Workers could lose part of their tax-free Personal Allowance due to an HMRC earnings rule. The allowance is the amount you can earn, either through work or other forms of income like property income, without paying tax on it.
Currently, it’s set at £12,570, which means you can earn that amount in a single tax year without owing any tax to HMRC.
It’s been frozen in place for five years now and the tax-free Personal Allowance is set to be stuck at that level for another five years after the government announced it would keep the freeze until 2031. But it’s not the only threshold that’s been frozen. In fact, all of the Income Tax bands have also been held in place at the exact same amount too. It means that people start paying 40% tax at £50,270 and 45% tax on earnings over £125,140.
Worse, the tax-free Personal Allowance is also slowly removed from you if you earn over £100,000.

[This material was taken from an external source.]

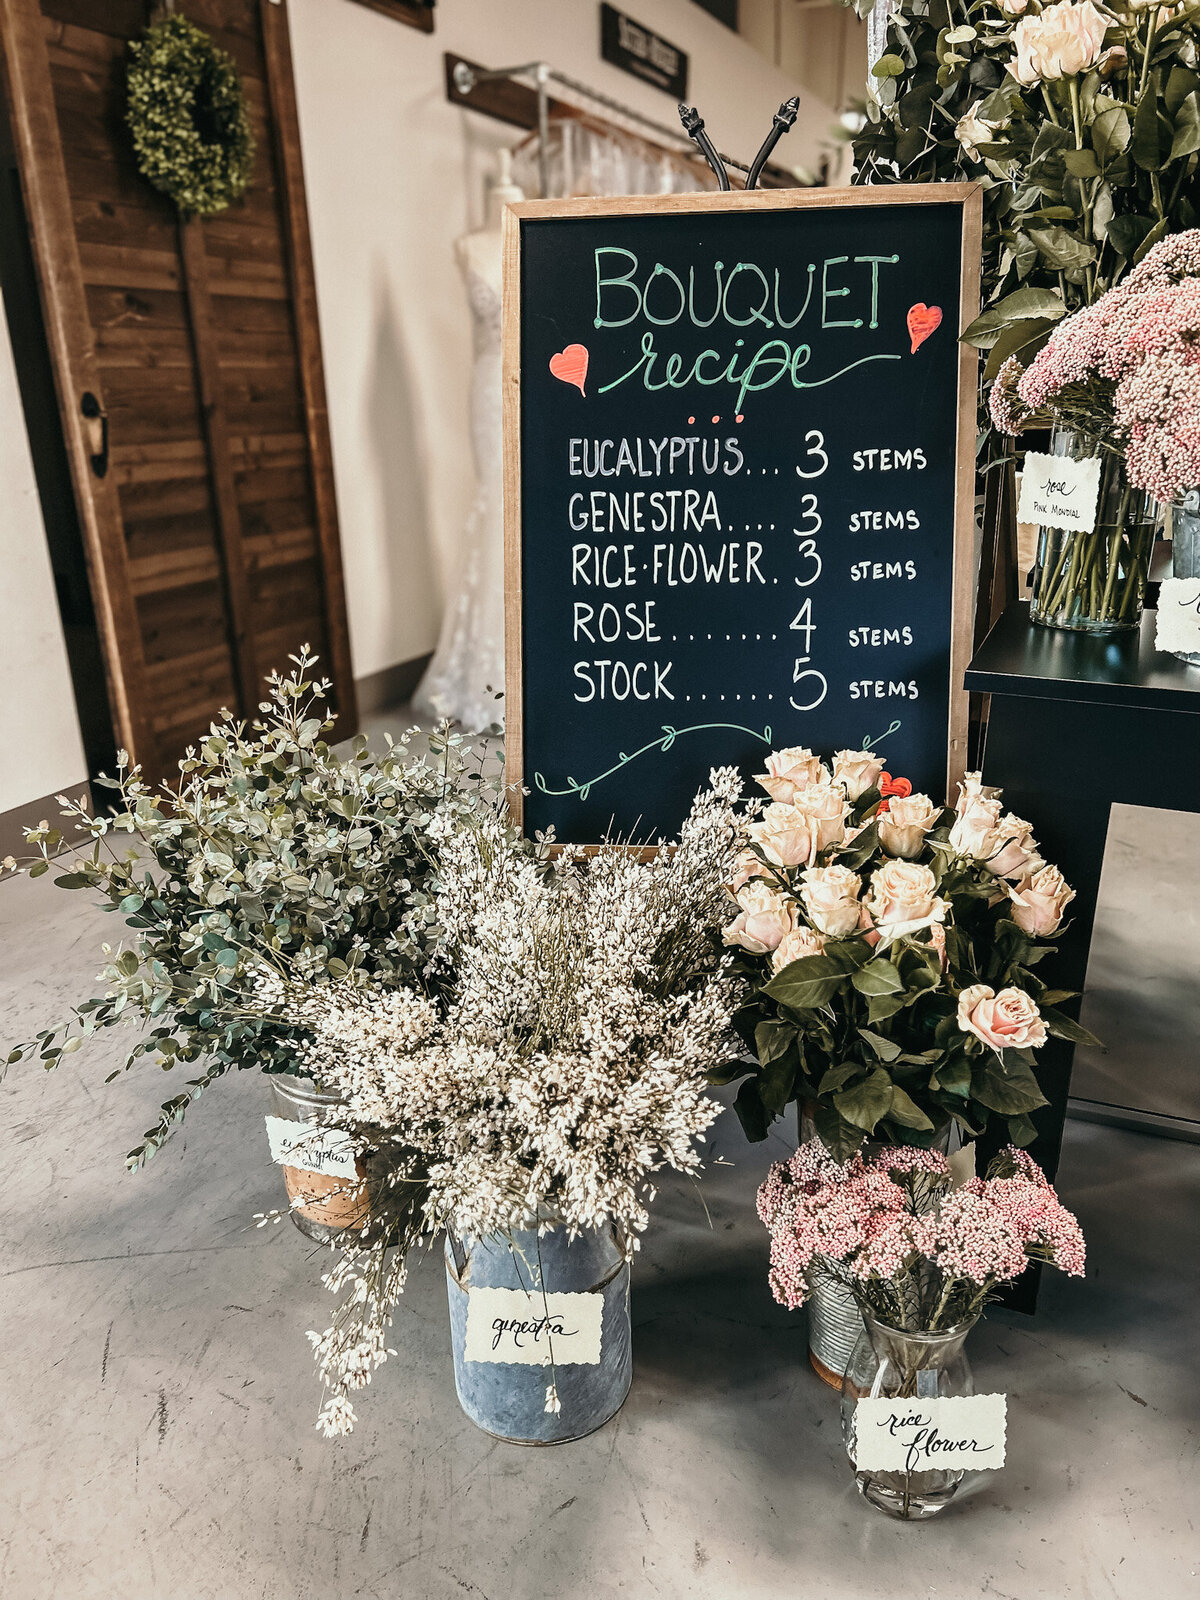 Bouquet recipe for DIY party

Thanks to ‘fiscal drag’, these thresholds are worth less and less every year as inflation moves wages up, bringing more people up to or in excess of them, meaning more and more people pay more and more tax as wages go up but thresholds stay the same.
Under the current HMRC earnings rules, your tax-free Personal Allowance will be reduced by £1 for every £2 over £100,000 you earn.
For example, if you earn £102,000, you will lose £1,000 of your tax-free Personal Allowance for the year because HMRC will cut it with a tax code change.
That would change your tax to £11,570 tax-free Personal Allowance, down by £1,000 from £12,570.
In its guidance online, HMRC explains: “Your personal allowance goes down by £1 for every £2 that your adjusted net income is above £100,000. This means your allowance is zero if your income is £125,140 or above.
“The standard Personal Allowance is £12,570, which is the amount of income you do not have to pay tax on.”